Они выбили из меня всё.
Память.
Способность думать.
Желание жить.
И даже в петлю я залезть не могу, потому как не осталось во мне силы дотянуться до решетки окна и привязать к ней ремень или шнурки от ботинок.
Я труп.
Пока еще живой труп.
Но это ненадолго.
Дни мои сочтены.
Я физически чувствую, как жизнь капля за каплей уходит из меня.
Я – песочные часы.
Вот наиболее точное мое состояние.
Если меня не перевернут, песок быстро закончится…
* * *
В этом черном мире свои законы.
Он приходит без предупреждений. И всегда в такое время, когда я сплю.
Деловито, ударом ноги в живот или по печени, сбрасывает меня со шконки, катает по полу, потом, обмягшего, садит на табурет и уже кулаками отрабатывает на мне все свои физические возможности.
Он не говорит ни слова.
Я не задаю вопросов.
Я только тупо жду, когда он вытрясет из себя весь запас отсчитанных для расходования сил и уйдет отмываться от нас, грязных, и заливать глотку, а через нее и последние мучающие его мысли в голове, крепким самогоном.
После его ухода я буду сутки лежать неподвижно, обиженным щененком скулить себе под нос и безвольно ходить под себя.
В другие сутки начну помаленьку привставать, потом встану – на столе в миске скопится засохшая каша, круг ее отстанет от краев и будет похож на серо-крапчатый брикет, который приходится не жевать, а откусывать, впивая в массу голодные зубы. Я буду размачивать выгнувшиеся куски хлеба в кружке с пустым чаем и сосать их. Я притрагиваюсь к этой негодной пище через силу, через не хочу, понимая, что без этой подпитки мне не протянуть. И, хоть и все чаще и чаще посещает меня мысль о смерти, что-то еще осталось, что гонит ее от меня, а меня от нее.
Надежда?
Как у бабки моей?
Сызмальства помнил я кусками несколько молитв, точнее, обрывков молитв. И в минуты возвращения к жизни начал их нашептывать богу. А чего? Никто не услышит, не засмеет. Вдруг, дойдут они до него? Вдруг и до меня очередь его дойдет, и придумает он, как мне помочь, как облегчить трудную дорогу.
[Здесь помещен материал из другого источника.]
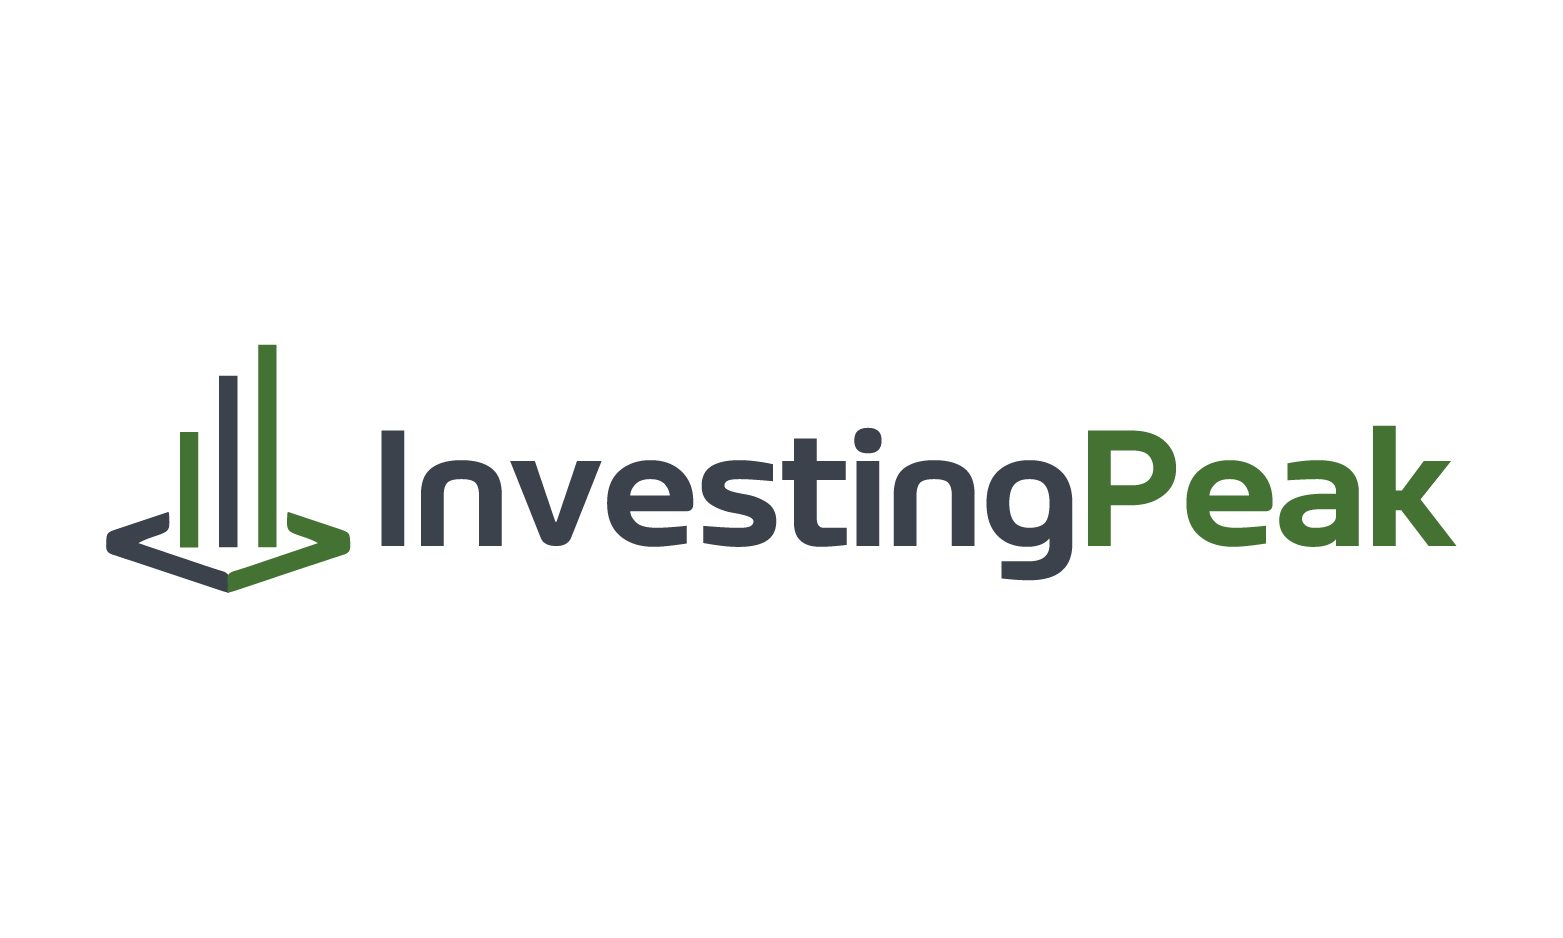 InvestingPeak.com - Creative brandable domain for sale

Меня лишили возможности что-либо делать. Я не мог читать – нет книг; я не мог писать – нет ничего в голове; я не мог ходить даже вокруг этого стола – нет сил. Я даже спать путем не могу – нет сна, а есть какие-то провалы, пропасти, куда я улетаю.
Говорят, будто душа у человека во сне бросает бренное тело и отправляется пошарагатиться по миру: или навестить родственные души, или попутешествовать. А потом возвращается и рассказывает – где она была и что видела. А случись с ней какая оказия, там, в гостях засиделась, в незнакомом месте заблудилась или в переплет какой попала – и не проснулся человечек, спит-поспит сутками напролет, вроде как и помер. Без души-то он пустой. Вот такая смерть почитается самой легкой. Уснул и помер. И ни боли, ни сожаления.
Как бы хорошо тож вот так вот – улетела душа моя и нехай не возвращается. Потому как и боль-то я чую не столько через туловище – это терпимо, а боле через душу – обидно. Обидно ни за что страдать, ни за что пропадать.
Хоть бы взяли да соврали мне – вот, мол, какая за тобой вина имеется! Вот где ты противное нашему укладу совершил, за то и заслуживаешь. Я бы принял! С чистой совестью и покорной душой терпел – ага, не за просто так муки приемлю, а за дело, заслуженно.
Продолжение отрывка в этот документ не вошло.